== Provided material

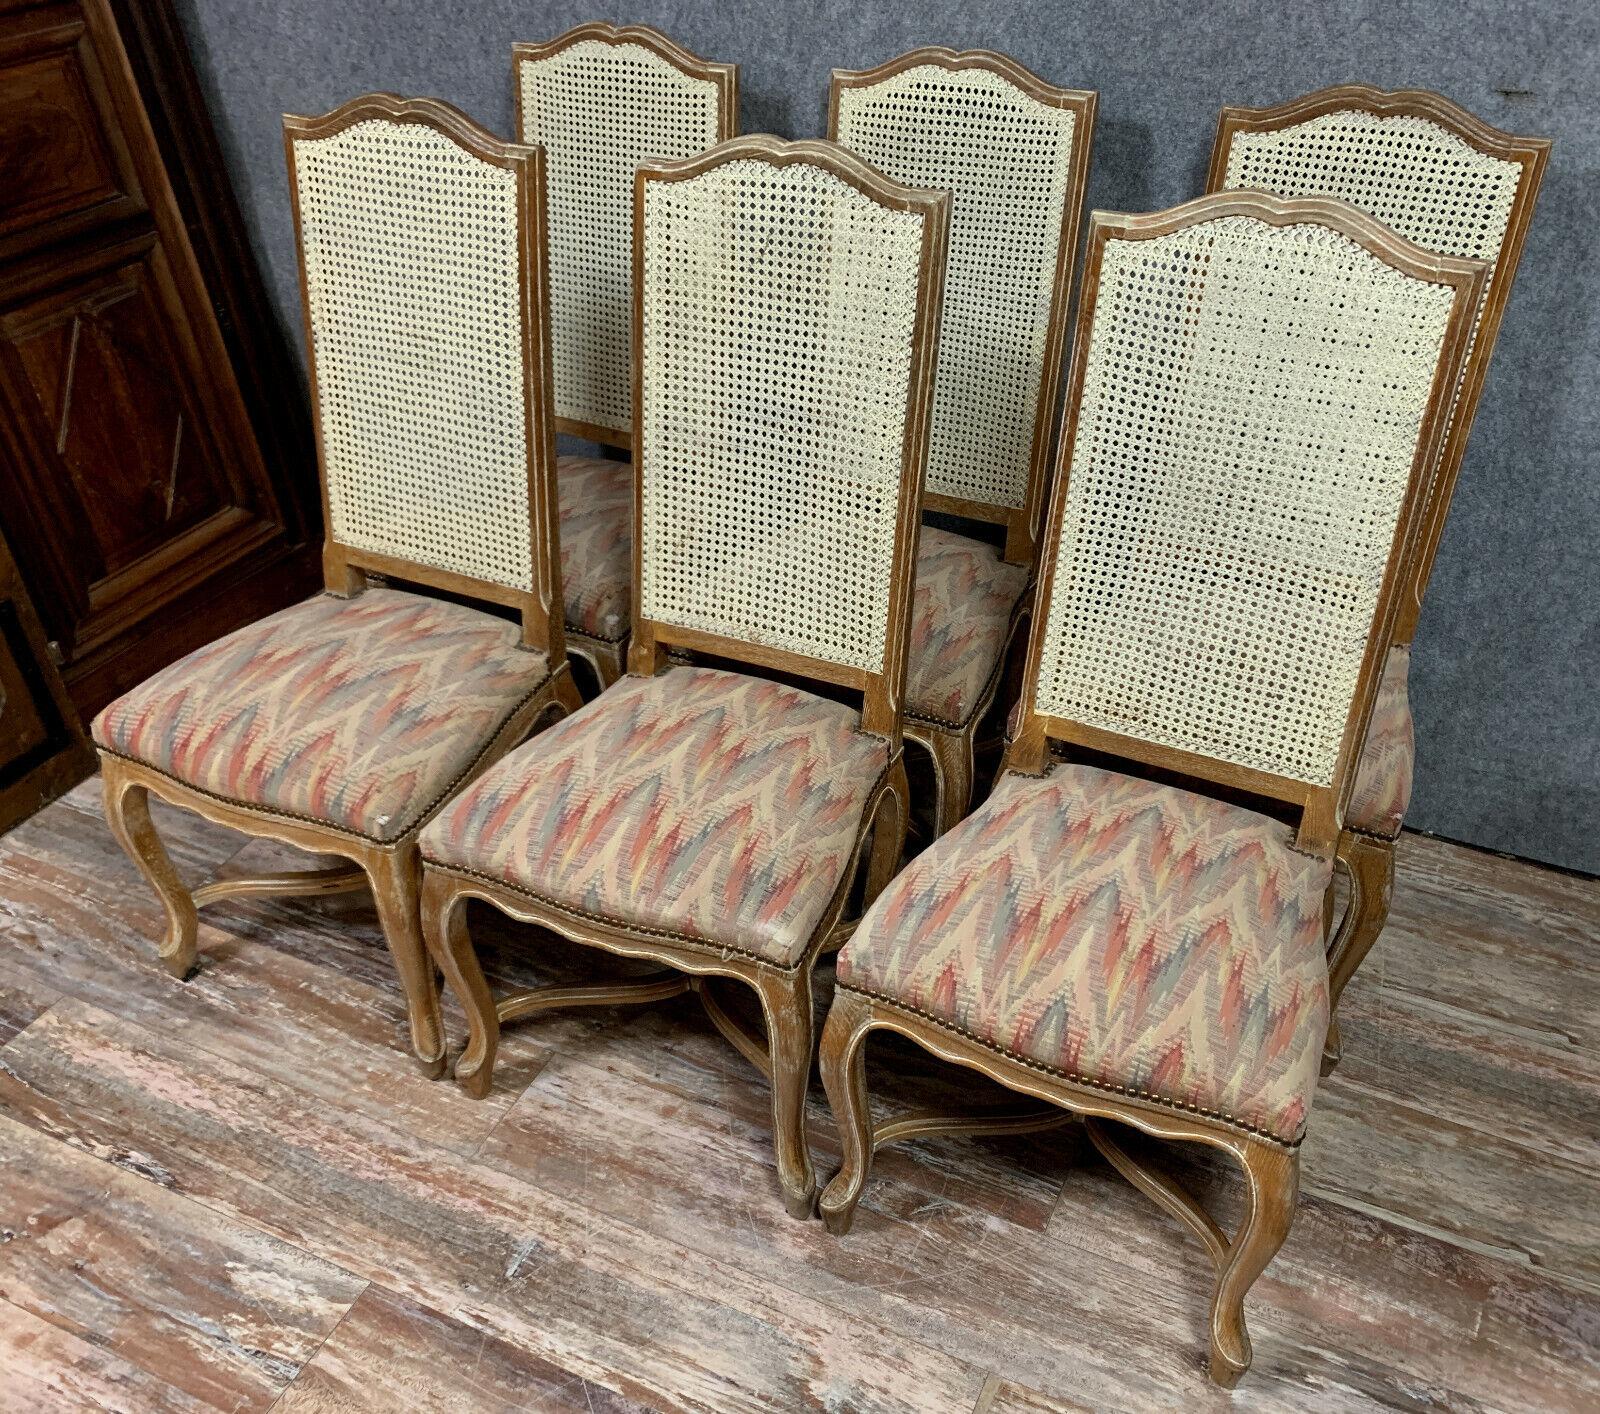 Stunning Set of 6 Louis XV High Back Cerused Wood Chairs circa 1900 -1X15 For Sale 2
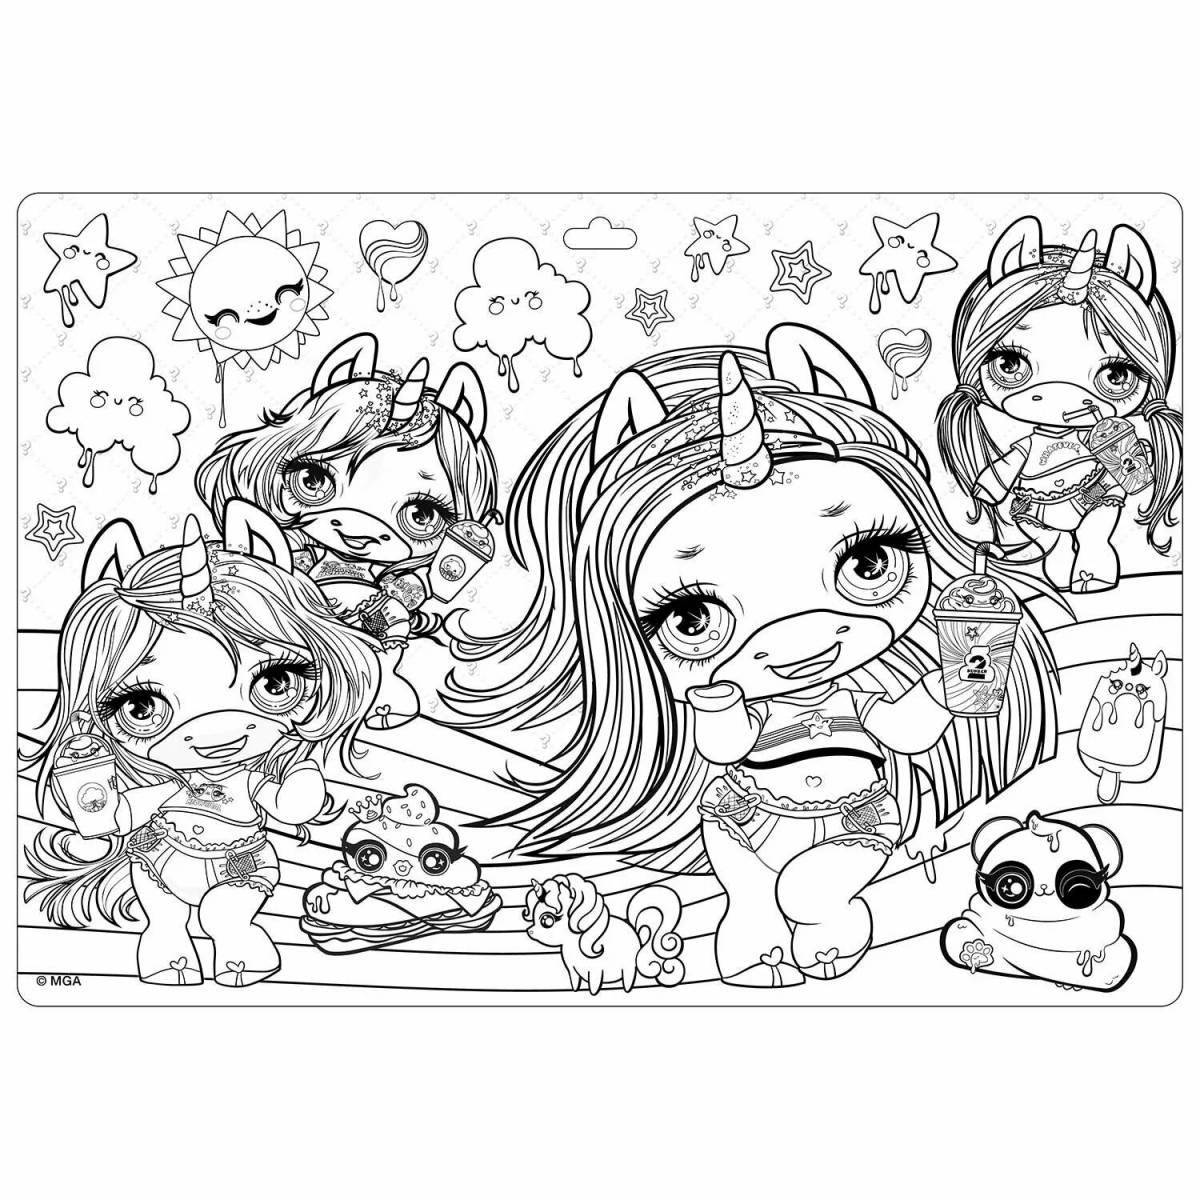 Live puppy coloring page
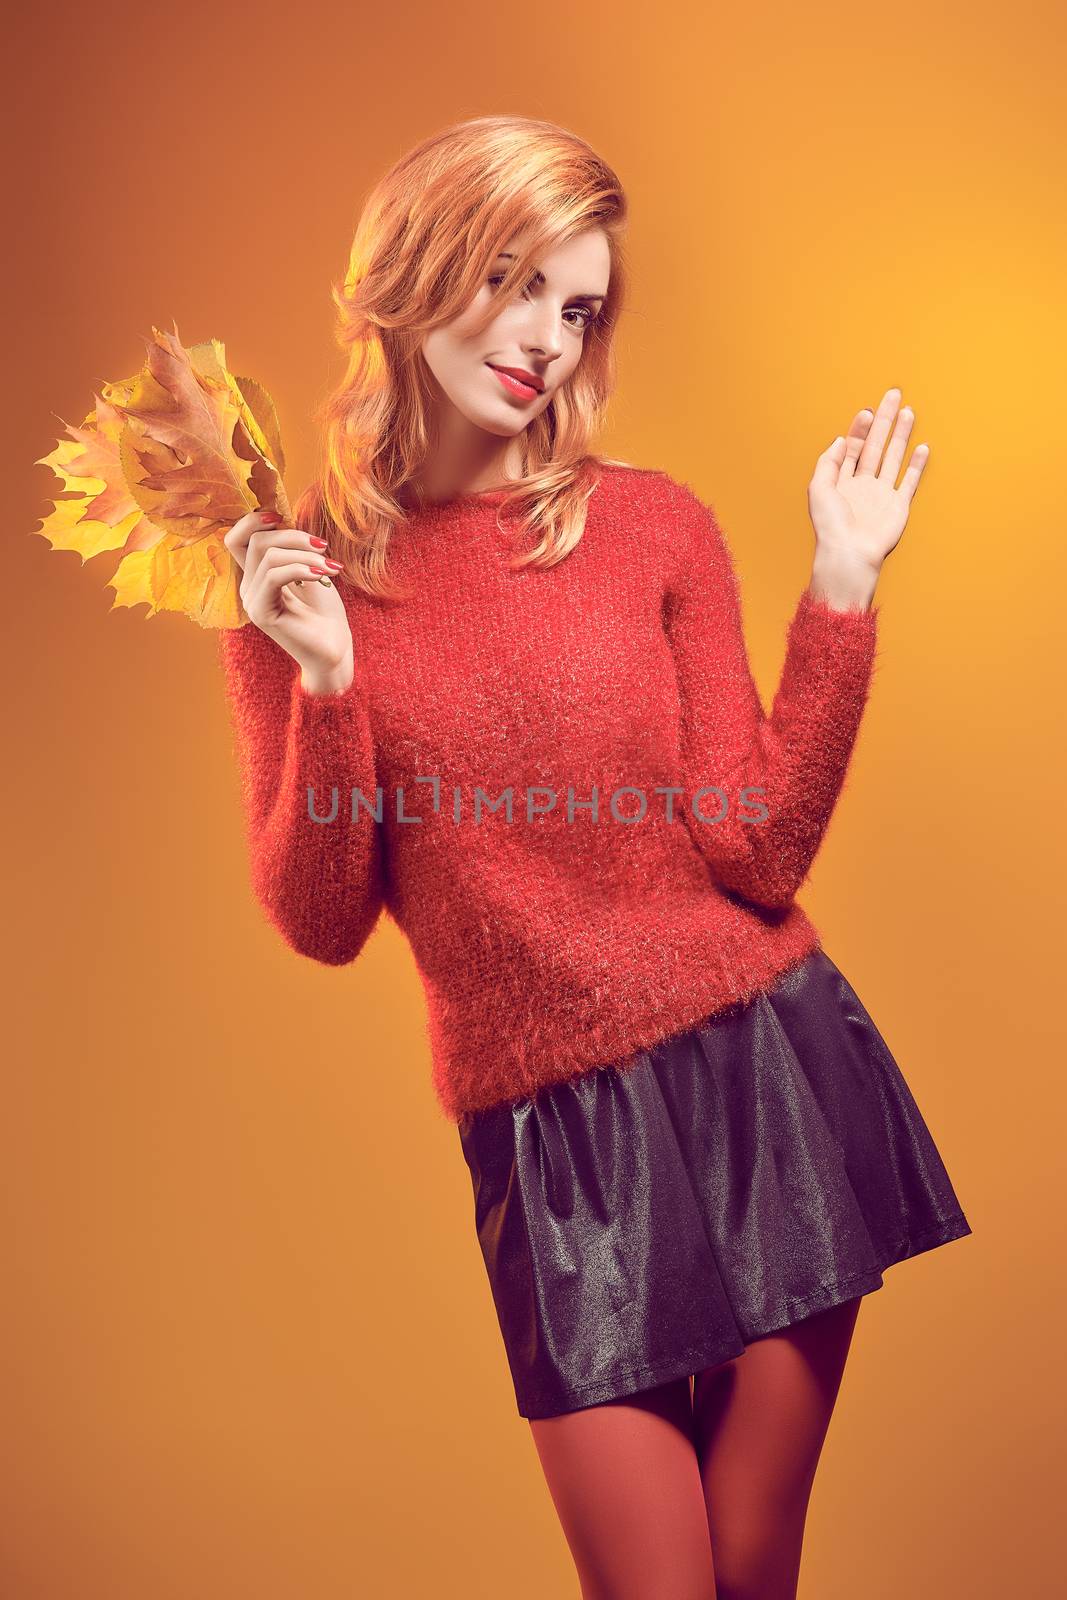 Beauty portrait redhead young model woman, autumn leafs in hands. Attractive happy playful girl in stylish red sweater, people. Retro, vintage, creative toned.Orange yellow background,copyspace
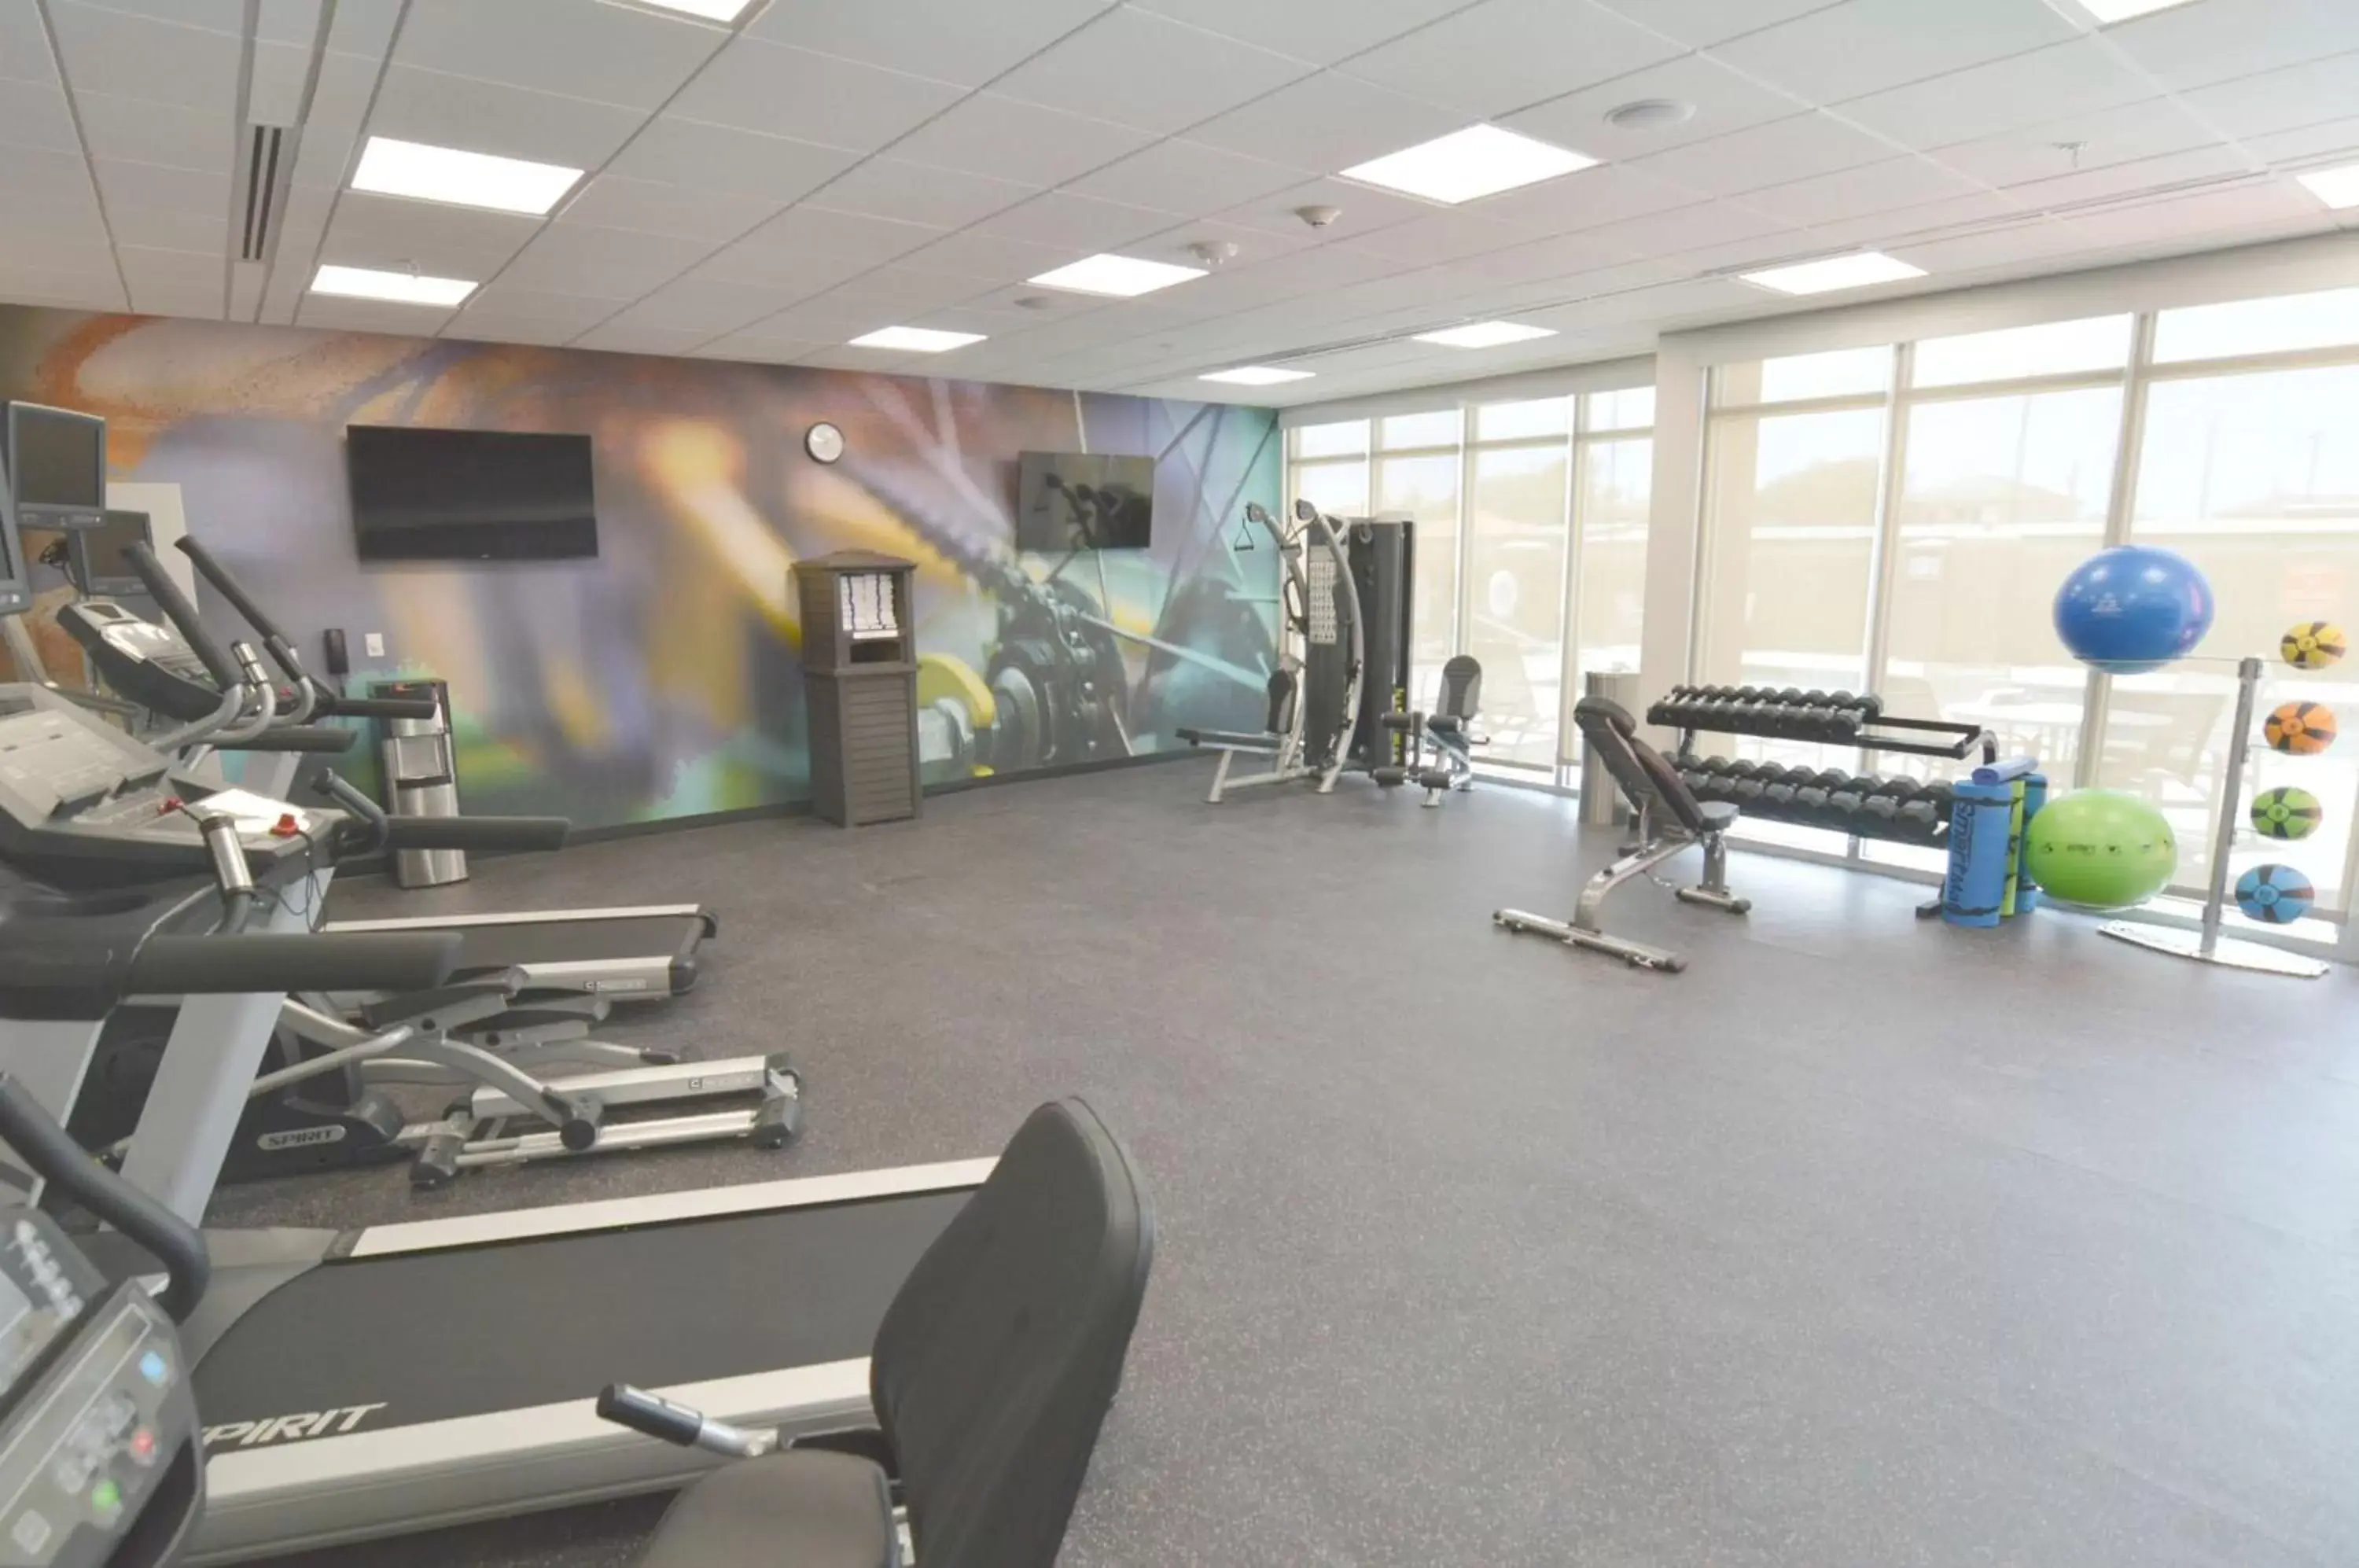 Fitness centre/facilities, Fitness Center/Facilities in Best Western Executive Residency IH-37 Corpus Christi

====

* **Task to complete**
Transcribe exactly, with no pictures, the lines running from the first line of the material through the line holding "Beauty portrait redhead".

* **Reply**
 Stunning Set of 6 Louis XV High Back Cerused Wood Chairs circa 1900 -1X15 For Sale 2
 Live puppy coloring page
 Beauty portrait redhead young model woman, autumn leafs in hands. Attractive happy playful girl in stylish red sweater, people. Retro, vintage, creative toned.Orange yellow background,copyspace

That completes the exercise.